Le découpage politique est complexe car il est issu de l’époque soviétique : par exemple, sur le bassin du Syr
Daria, le Tadjikistan est à la fois en position aval et amont par rapport à l’Ouzbékistan. L’histoire commune des
Républiques d’Asie centrale en fait des « républiques sœurs » si bien que les Etats ne se perçoivent pas en conflit
les uns avec les autres. Ils multiplient les traités de coopération, les réunions internationales au cours
desquelles ils n’oublient jamais de réaffirmer l’amitié indéfectible qui lie leurs pays. Sur le papier, les accords de
gestion transfrontalière semblent fonctionner, mais, sur le terrain, pratiquement aucun quota n’est respecté,
ce qui crée des tensions à toutes les échelles : de la parcelle, du district ou de l’Etat.
Cet écart entre les engagements pris et la réalité du terrain explique les nombreux désastres écologiques
(pollution des nappes, des rivières, des lacs et des mers, assèchement et désertification) dont la disparition de la
mer d’Aral est le symbole. L’Asie centrale paye l’héritage communiste (bureaucratie, corruption) mais aussi son
incapacité à faire respecter aux pays amont les engagements pris. Une nouvelle fois, la question de la
gouvernance de l’eau est au cœur du sujet et on constate que si la pénurie d’eau ne conduit pas nécessairement
à la guerre, elle peut produire un désastre pour les populations et l’environnement.
Conclusion : Pour conclure sur le thème de l’eau, on peut revenir à l’Égypte pour montrer l’enjeu civilisationnel que
représente l’eau. Longtemps puissance régionale dominante, l’Egypte a pu préserver sa source civilisationnelle et
confirmer ainsi, à travers les siècles, qu’elle était bien « un don du Nil », comme l’avait écrit Hérodote au Ve siècle av.

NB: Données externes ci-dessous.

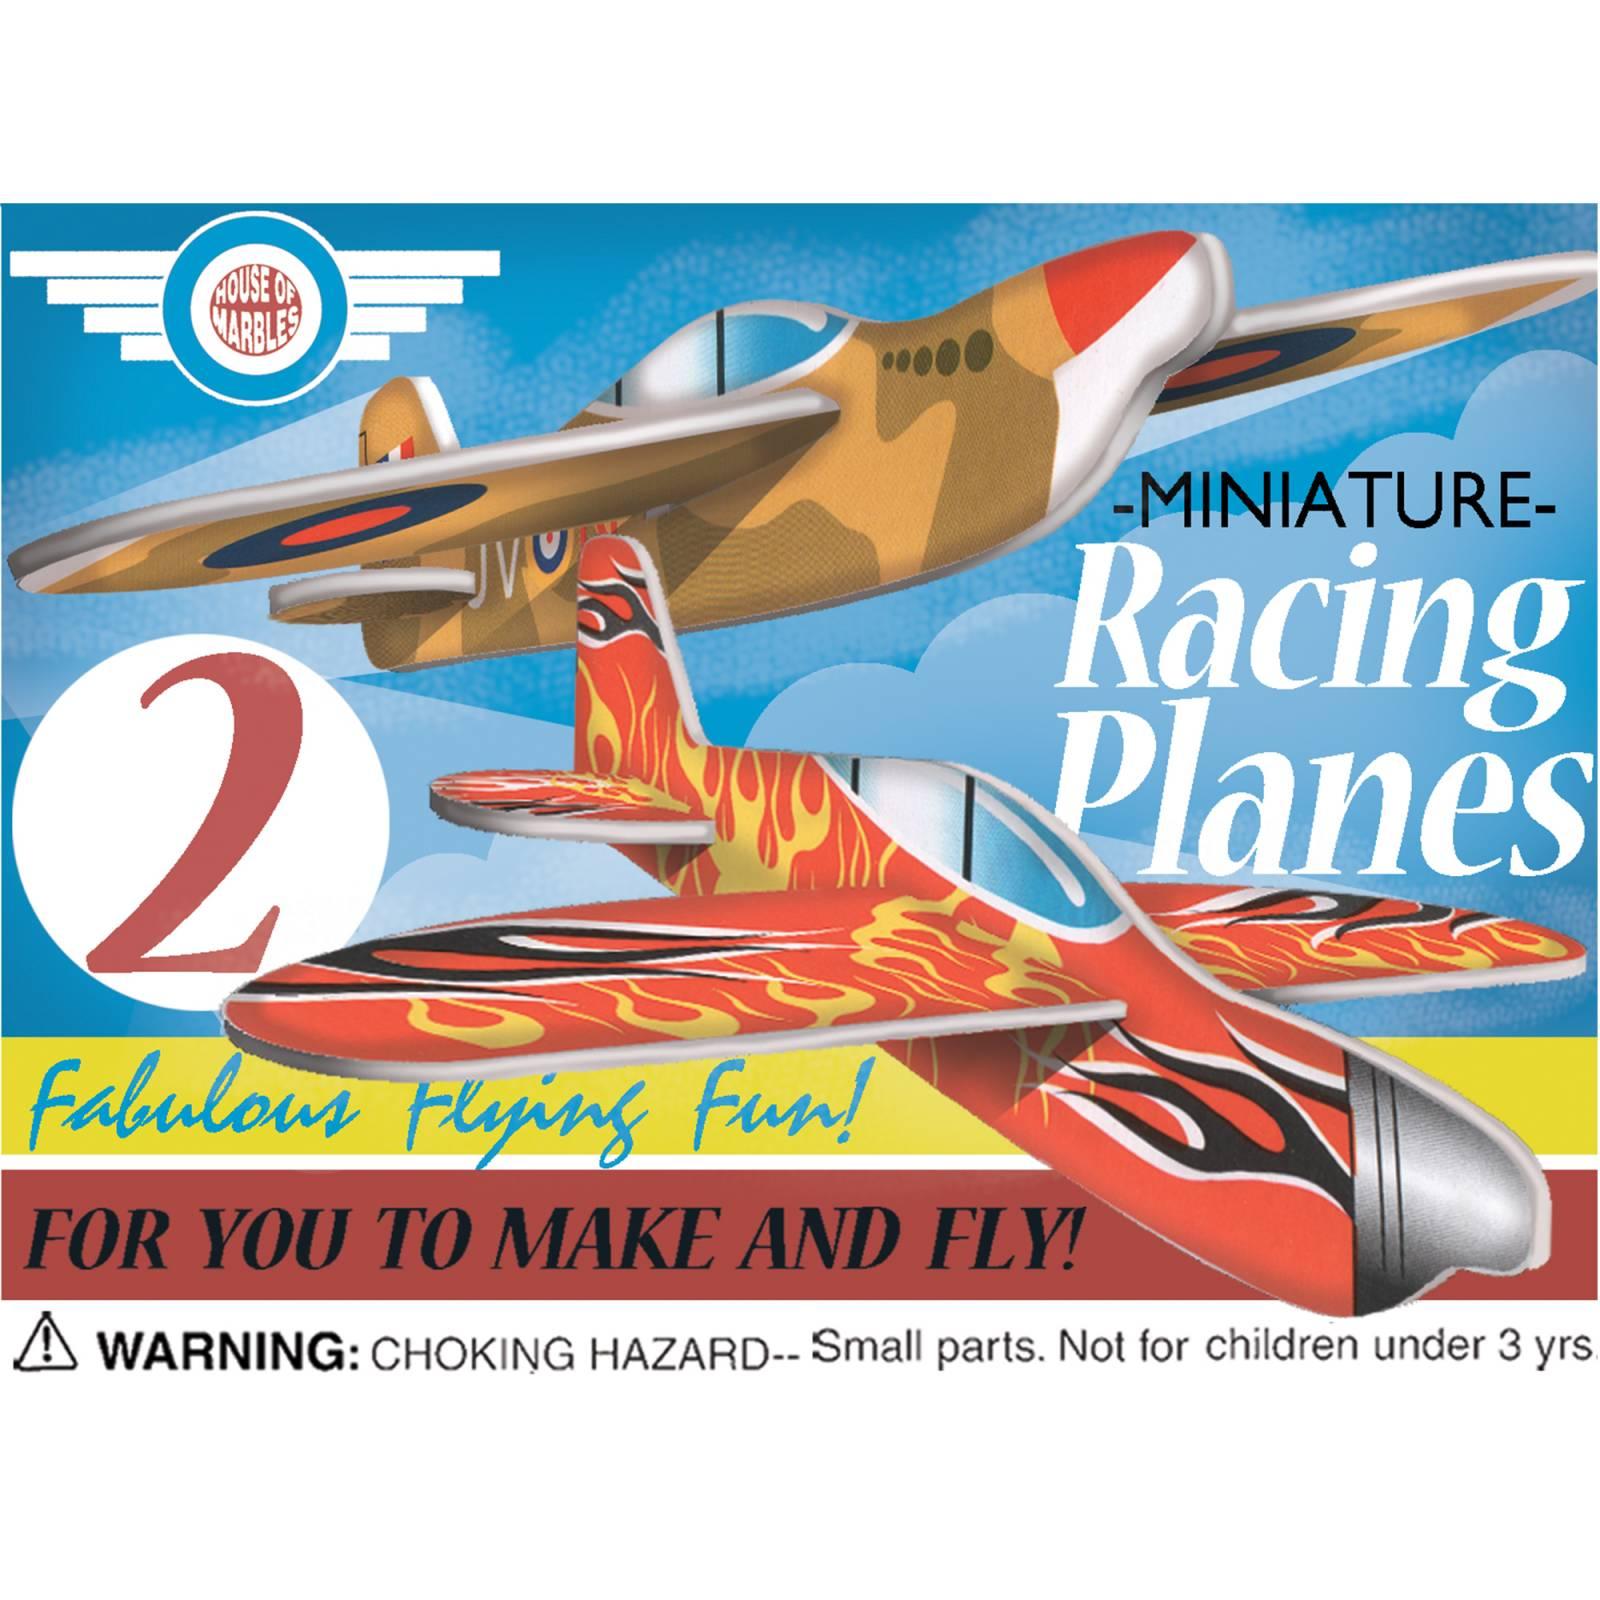 Racing Planes To Make and Fly

J.C. Pourtant, la rapide croissance de l’Ethiopie, et l’affaiblissement égyptien ont modifié le rapport de force régional ce
qui s’est traduit par un déplacement du pouvoir hydraulique de l’aval (Egypte), vers l’amont (Ethiopie). L’accord signé en
1959, très favorable à l’Egypte qui recevait plus des trois-quart de l’eau du Nil, est remis en cause de facto par les
prélèvements importants réalisés par l’Ethiopie, fragilisant l’Egypte dont la population devrait atteindre 150 millions
d’habitants d’ici 2050 alors que le pays est déjà en situation de pénurie (699m3/hab/an soit sous le seuil de 1000).
Souvent évoquée comme un stock, alors que c’est un flux, perçue comme une ressource attachée aux territoires
nationaux, alors qu’elle est à la fois mobile et indifférente aux frontières politiques, l’eau est un enjeu éminemment
géopolitique. Enjeu de civilisation qui nécessite une coopération à l’échelle régionale, la géopolitique de l’eau doit même
être envisagée à l’échelle mondiale pour être comprise dans toute sa complexité. La décomposition internationale du
processus de production qui conduit à délocaliser les activités industrielles consommatrices d’eau et le land grabbing
(achat de terres à l’étranger pour cultiver) qui conduit à délocaliser la consommation d’eau agricole, ne permettent plus
de raisonner en terme de consommation réelle (eau consommée sur le territoire) mais de consommation virtuelle (eau
3
consommée de façon indirecte par la consommation d’ensemble sur un territoire). Ainsi, la France, importe 1 221m
d’eau virtuelle par habitant, parfois aux dépens de pays en pénurie, alors que c’est un territoire richement pourvu. C’est
donc une « révolution bleue » qui doit s’opérer pour répondre au défi de la raréfaction des ressources et éviter la crise,
déjà visible dans certains pays en développement : cette révolution doit être politique et globale, pour éviter que l’eau ne
soit plus source de coopération mais qu’elle devienne uniquement source de conflit.